The government has fixed targets of providing electricity for 85% of rural areas by 2025 and achieving universal access to electricity for its population of around 1.7m by 2035. The objectives were set out in the Policy Letter for Universal Access for Basic Services in Rural Areas, which was approved by the Council of Ministers in September 2014, and which also noted that only 15% of rural areas had electricity as of 2014.

Achieving these targets will be a tall order, taking into account that tropical forest covers 85% of Gabon, and that the country has a population density of seven inhabitants per sq km, compared to an average of 30 per sq km for Africa as a whole, according to African Development Bank statistics from 2011. Gabon has around 3000 villages with populations of 50-1000 people.

Supplying power to all the consumers in the country’s three main cities – Libreville, Port-Gentil and Franceville, which house around 80% of the country’s total population – is proving a challenge in itself given average annual demand growth of 6% and the historical underinvestment in generation and grid infrastructure. Bringing power to isolated rural areas is another challenge entirely.

Power Grid Extension

Numerous solutions to this issue have been envisaged. These include the extension of the grid towards rural areas and the development of small-scale renewable energy projects, such as biomass-fired cogeneration, mini-hydropower and solar photovoltaic.

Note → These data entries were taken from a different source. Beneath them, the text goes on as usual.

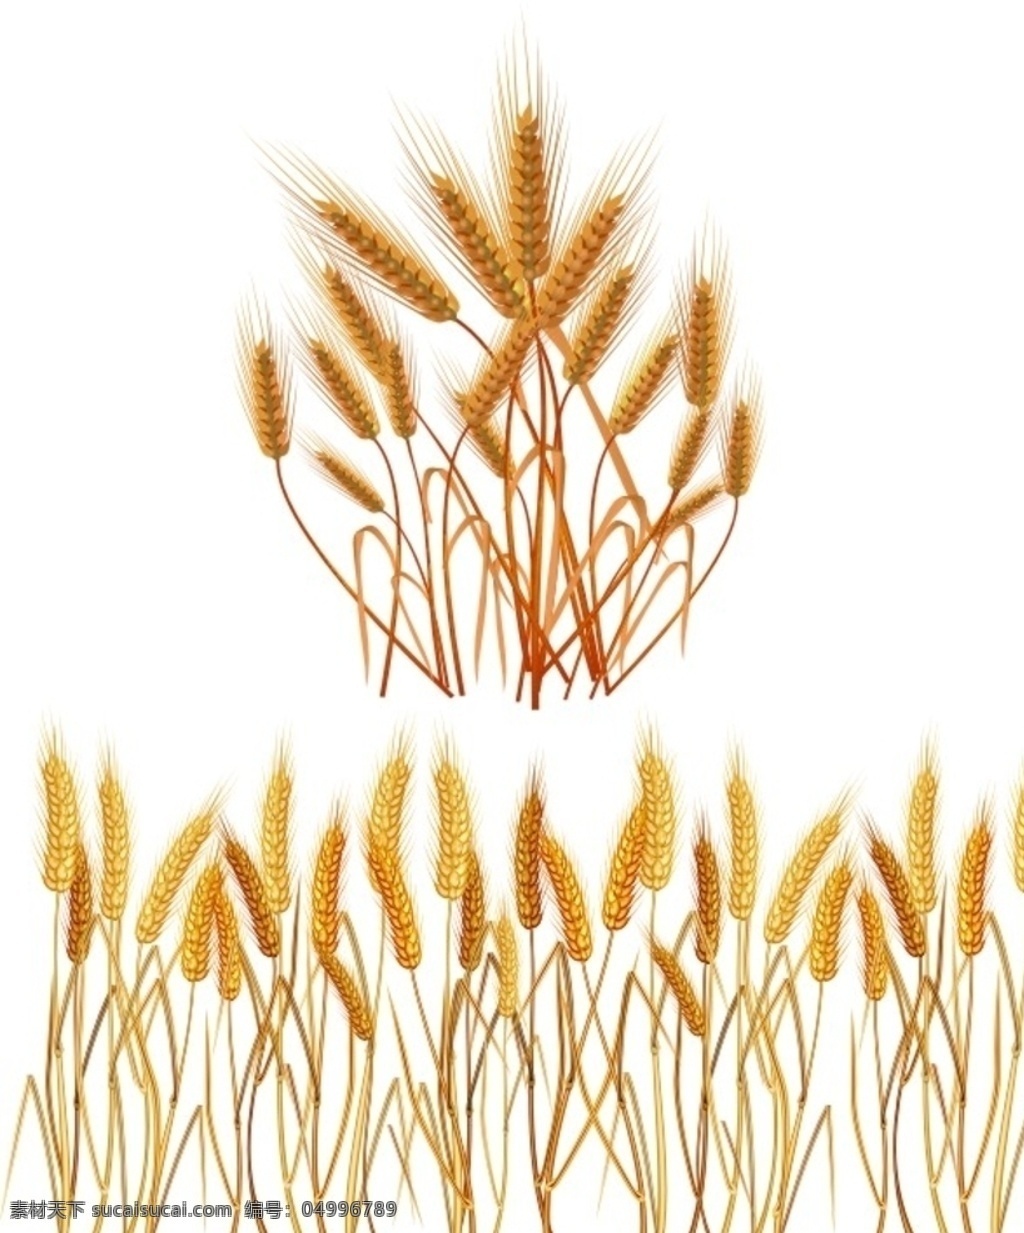 矢量麦穗 麦子 大麦 麦田 金色小麦 矢量麦子素材 矢量金色小麦 大丰收 麦子熟了 矢量麦子 矢量小麦 金色麦子 粮食 收获 麦穗矢量素材 矢量 麦粒 农作物 麦穗
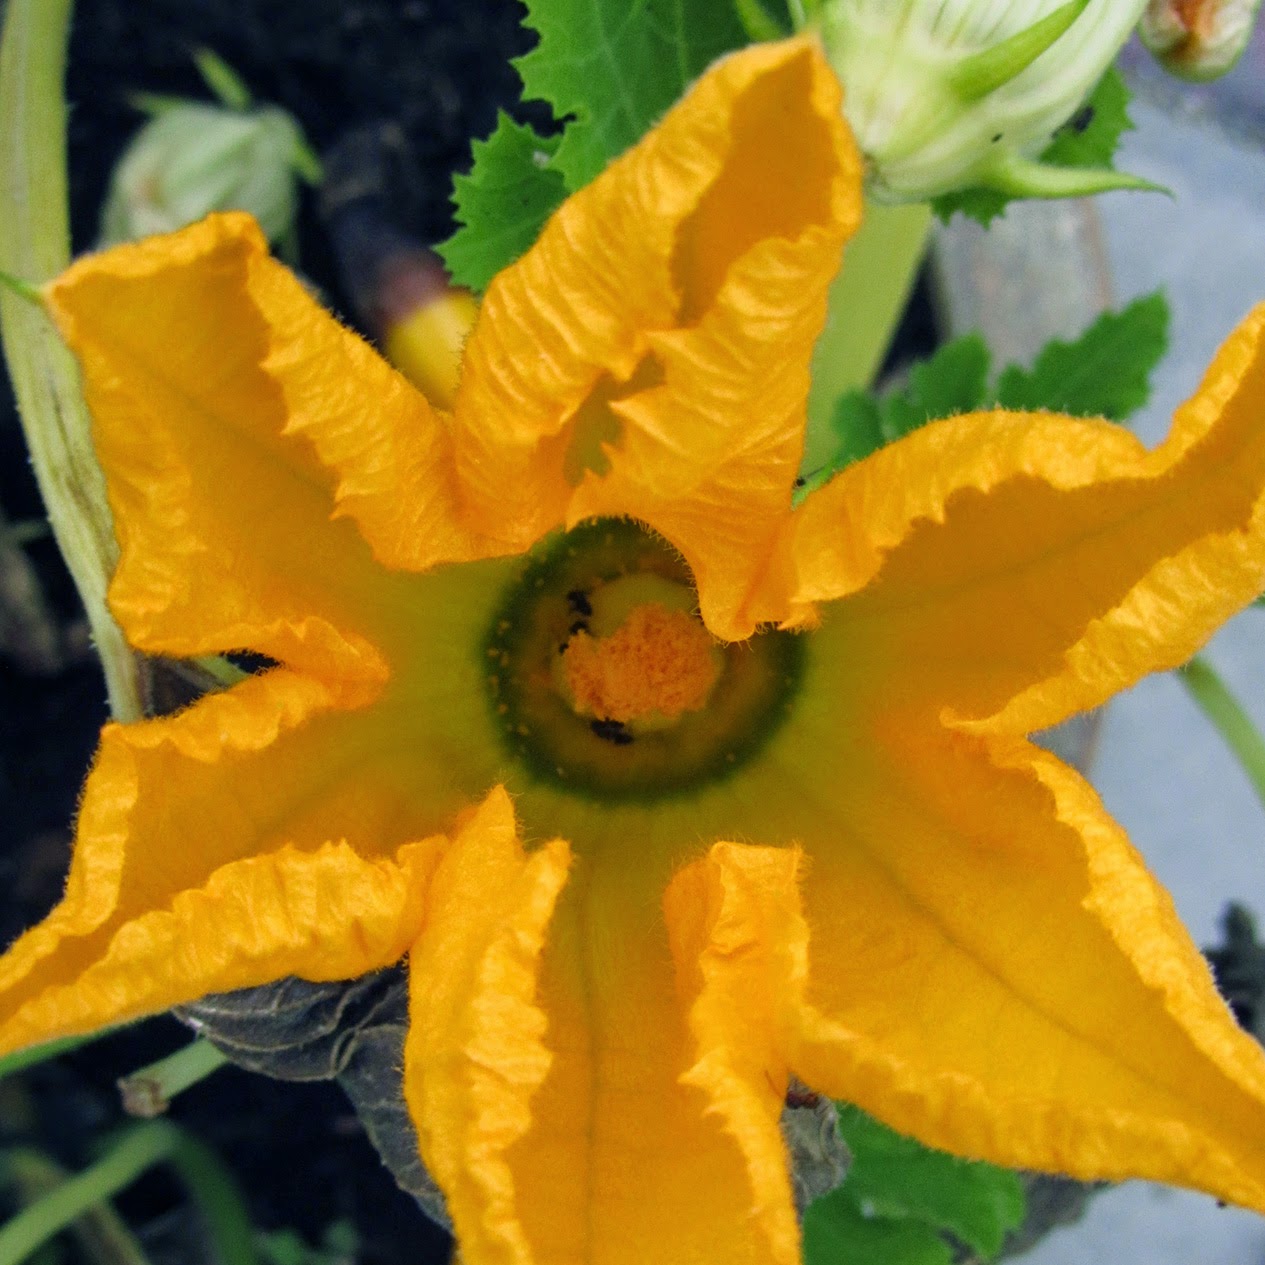 yellow zucchini flower
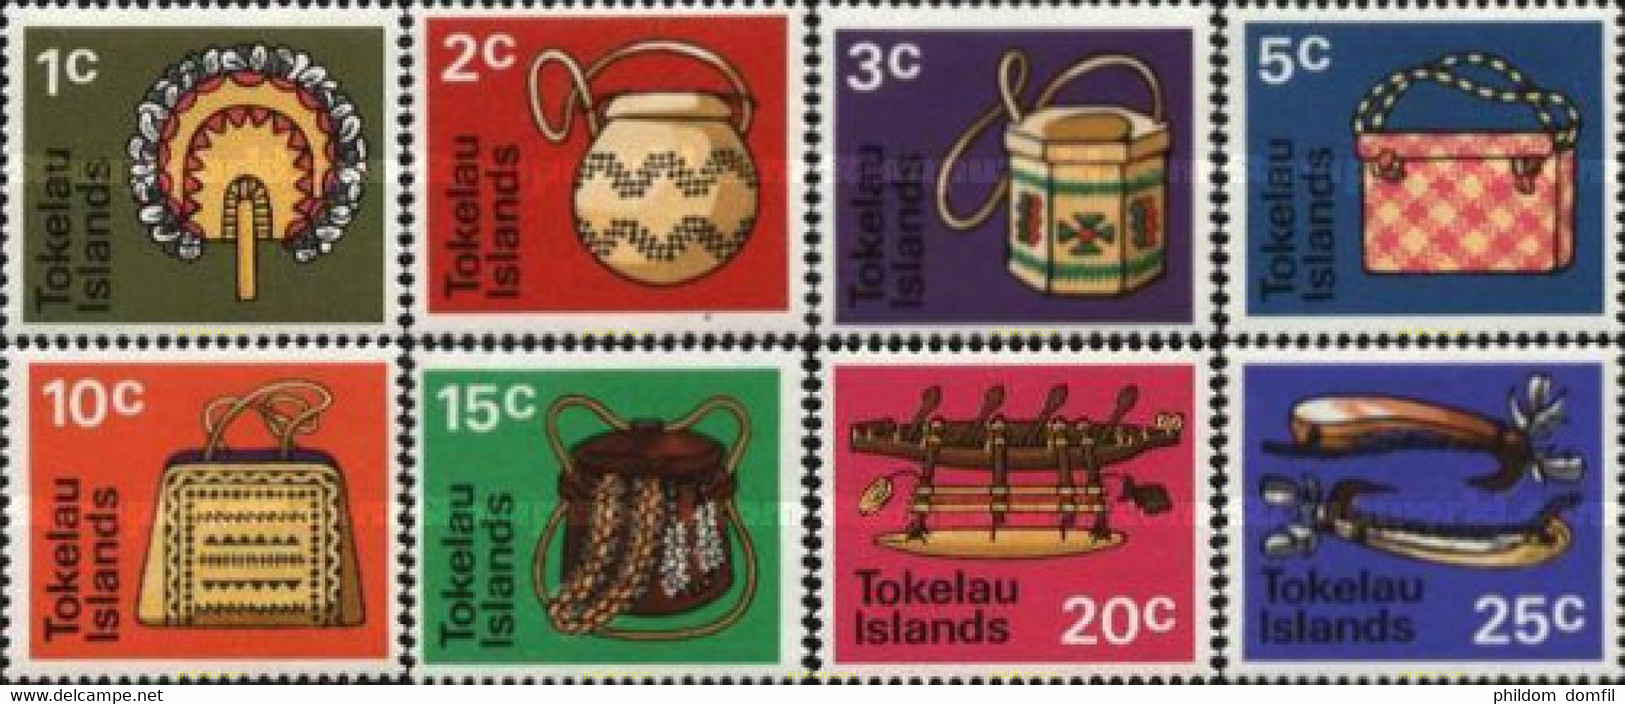 365755 MNH TOKELAU 1971 ARTESANIA - Tokelau
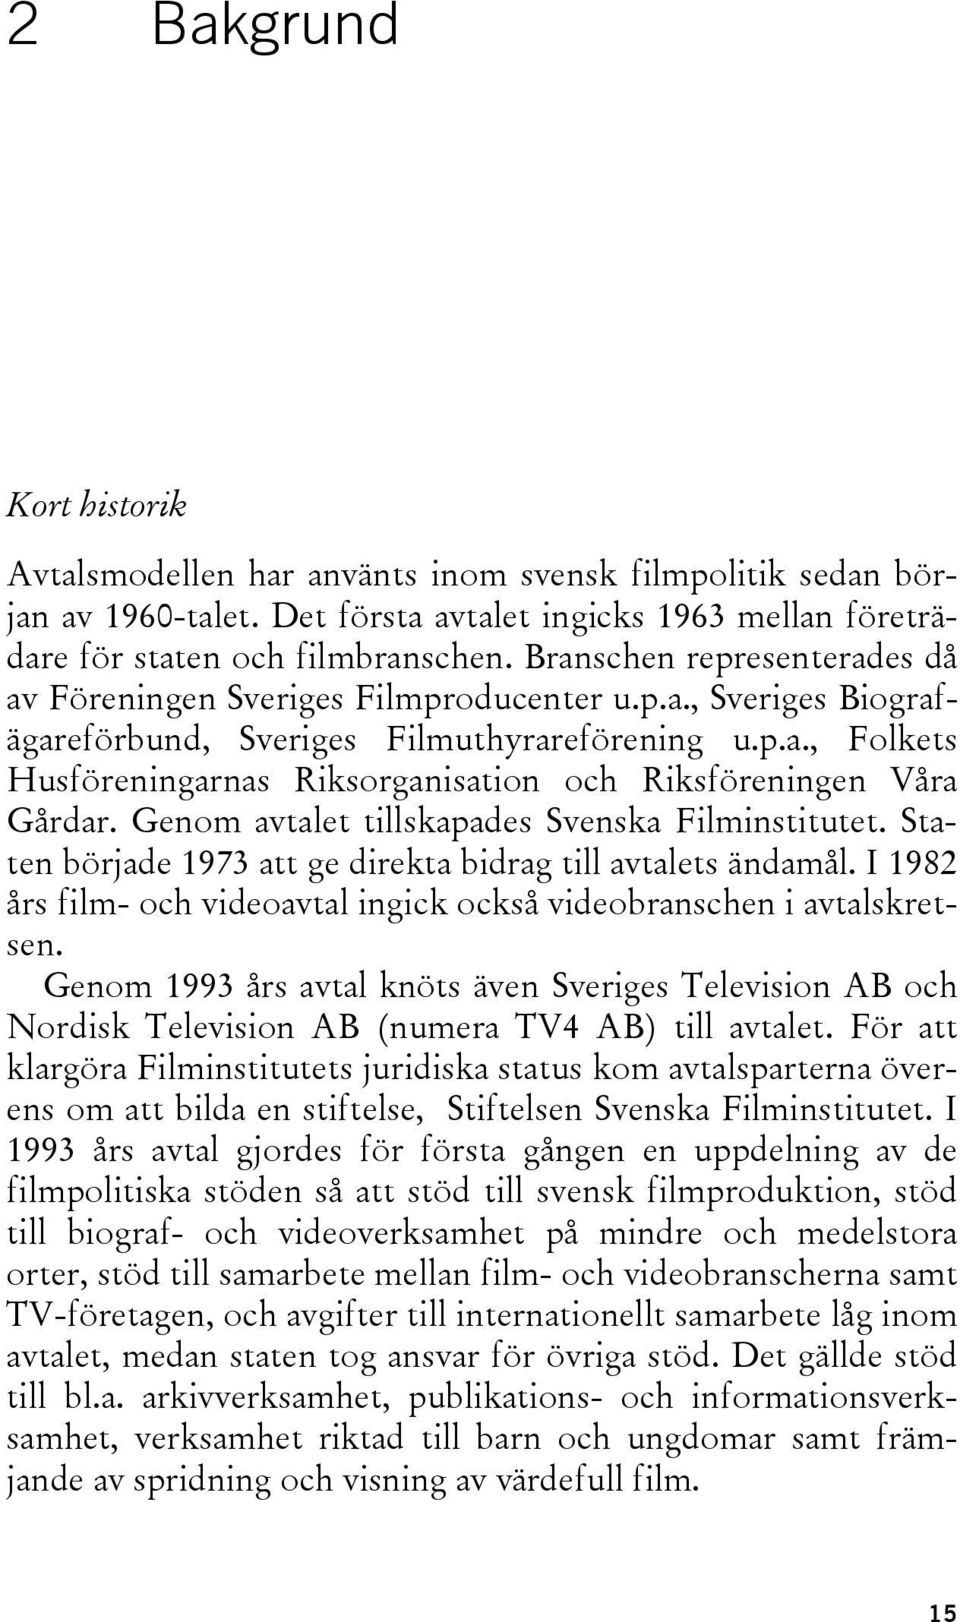 Genom avtalet tillskapades Svenska Filminstitutet. Staten började 1973 att ge direkta bidrag till avtalets ändamål. I 1982 års film- och videoavtal ingick också videobranschen i avtalskretsen.

The grid was extended in the north of the country in late 2013 under contracts awarded by the government to Spain’s Isolux Corsán and France’s Bouygues Energies & Services, formerly ETDE. Isolux Corsán connected 33 villages in the northeast provinces of Estuaire and Moyen-Ogooué, with the installation of 200 km of 20-KV power lines: 140 km between Kango and Lambaréné and 60 km between Bifoun and Ndjolé, as well as a 225/20-KV substation transformer in Bifoun.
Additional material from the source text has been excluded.